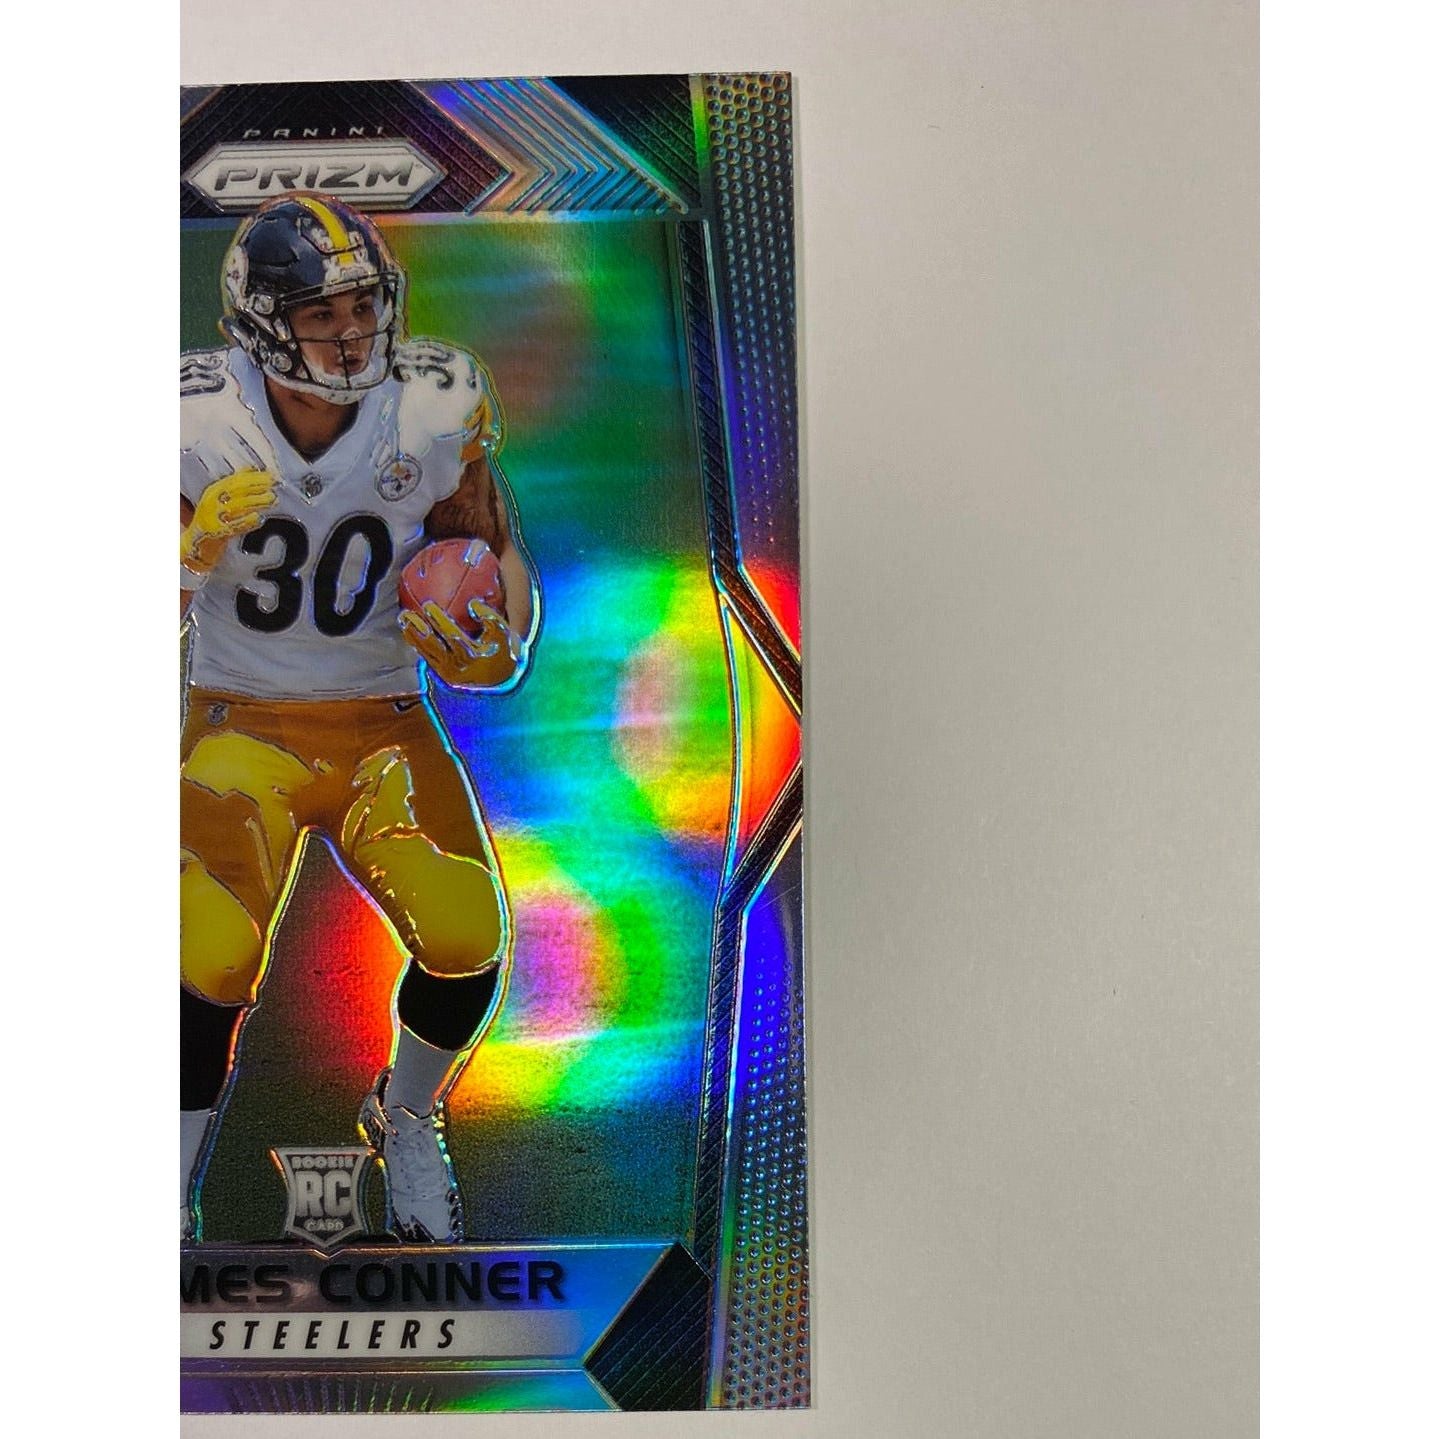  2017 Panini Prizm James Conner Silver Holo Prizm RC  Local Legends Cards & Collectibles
--
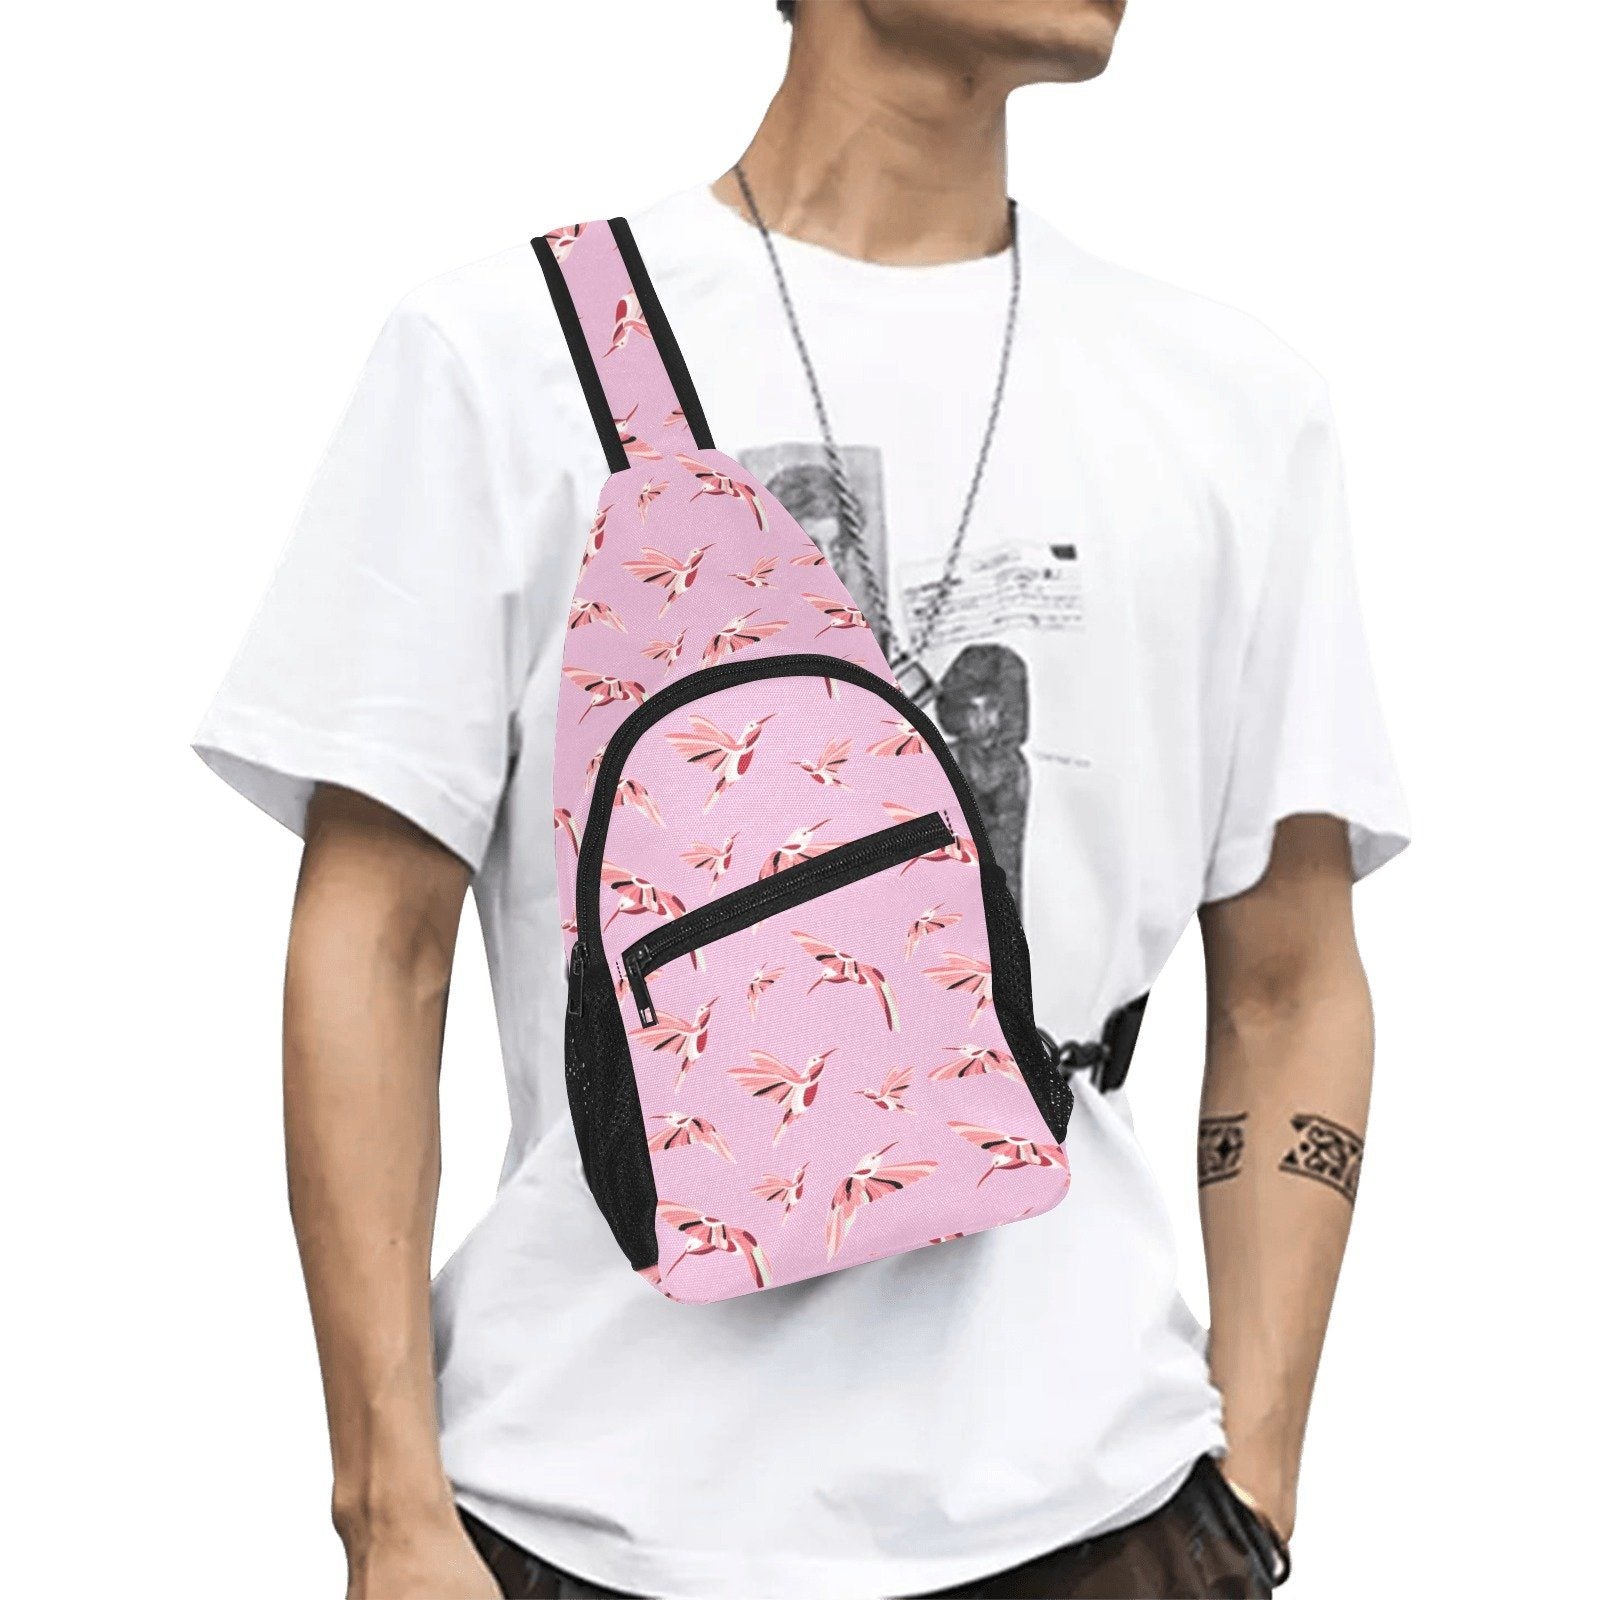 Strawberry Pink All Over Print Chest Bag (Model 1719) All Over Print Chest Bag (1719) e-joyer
--
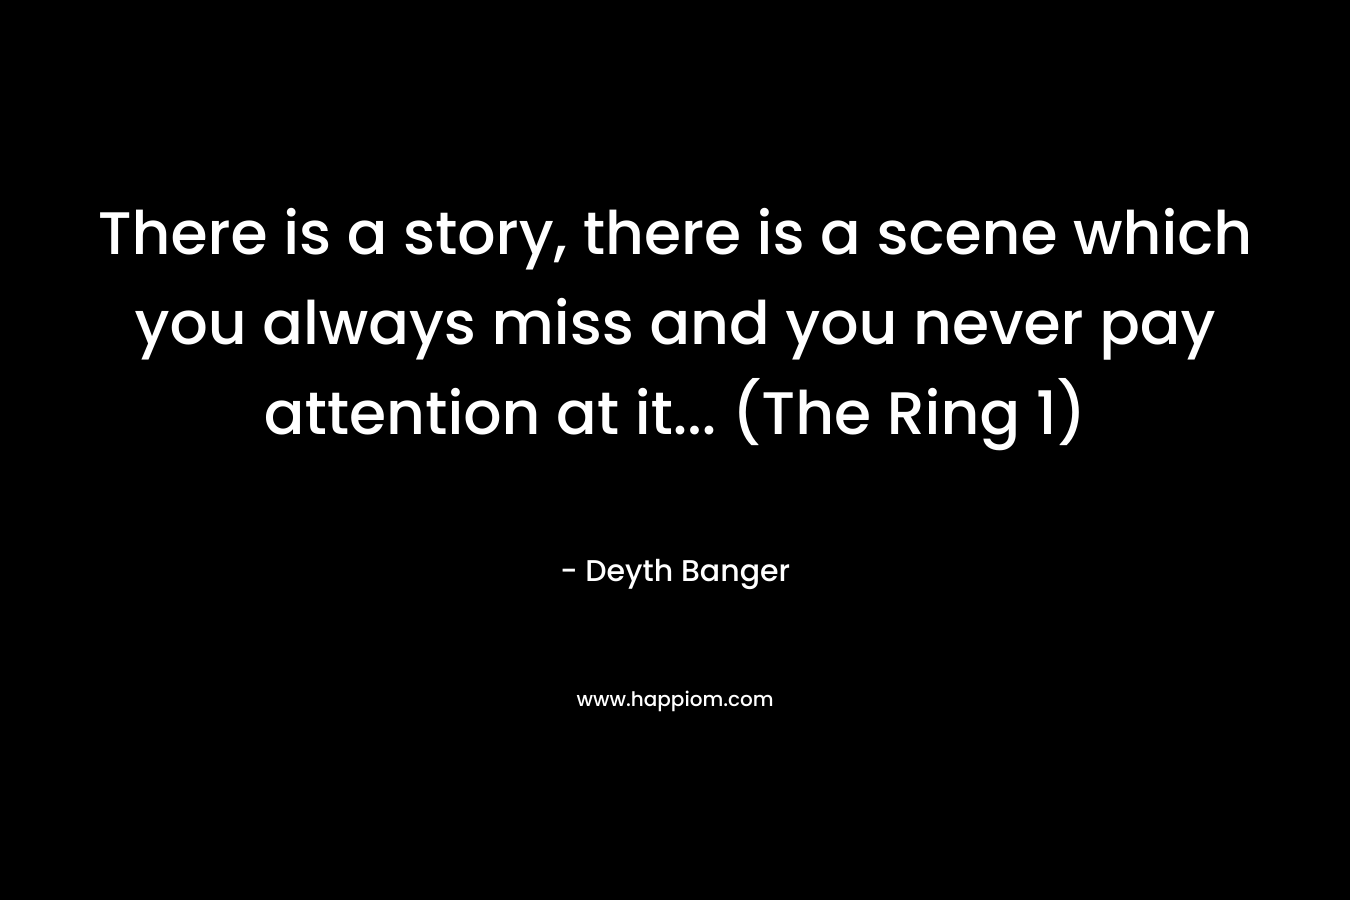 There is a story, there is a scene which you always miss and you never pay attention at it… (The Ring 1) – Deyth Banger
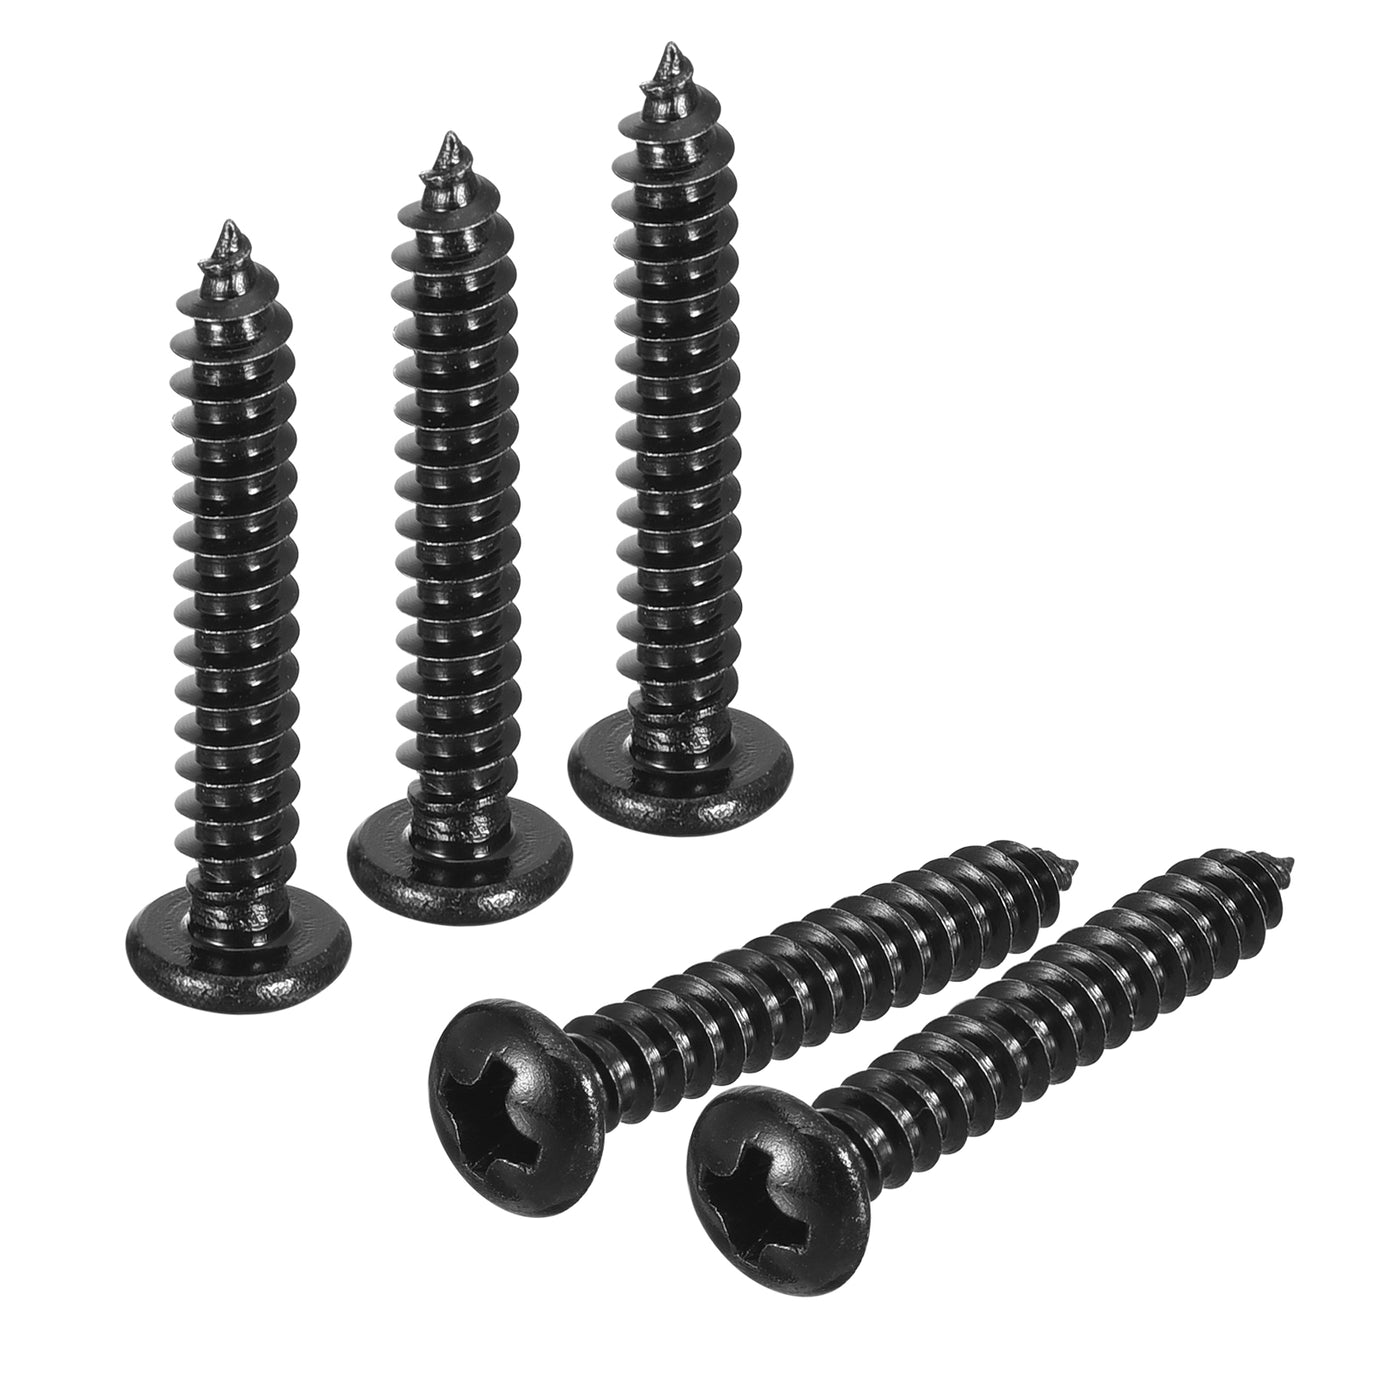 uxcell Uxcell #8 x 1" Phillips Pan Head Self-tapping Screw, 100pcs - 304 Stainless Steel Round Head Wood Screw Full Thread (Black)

## [PROBLEM]
Only one part of the listing is wanted: the lines from the one containing "There is a story, there" through the one containing "uxcell Uxcell #8", both included. Please transcribe it exactly, leaving out the pictures.

## [SOLUTION TO THIS EXERCISE]
 There is a story, there is a scene which you always miss and you never pay attention at it… (The Ring 1) – Deyth Banger
 uxcell Uxcell #8 x 1" Phillips Pan Head Self-tapping Screw, 100pcs - 304 Stainless Steel Round Head Wood Screw Full Thread (Black)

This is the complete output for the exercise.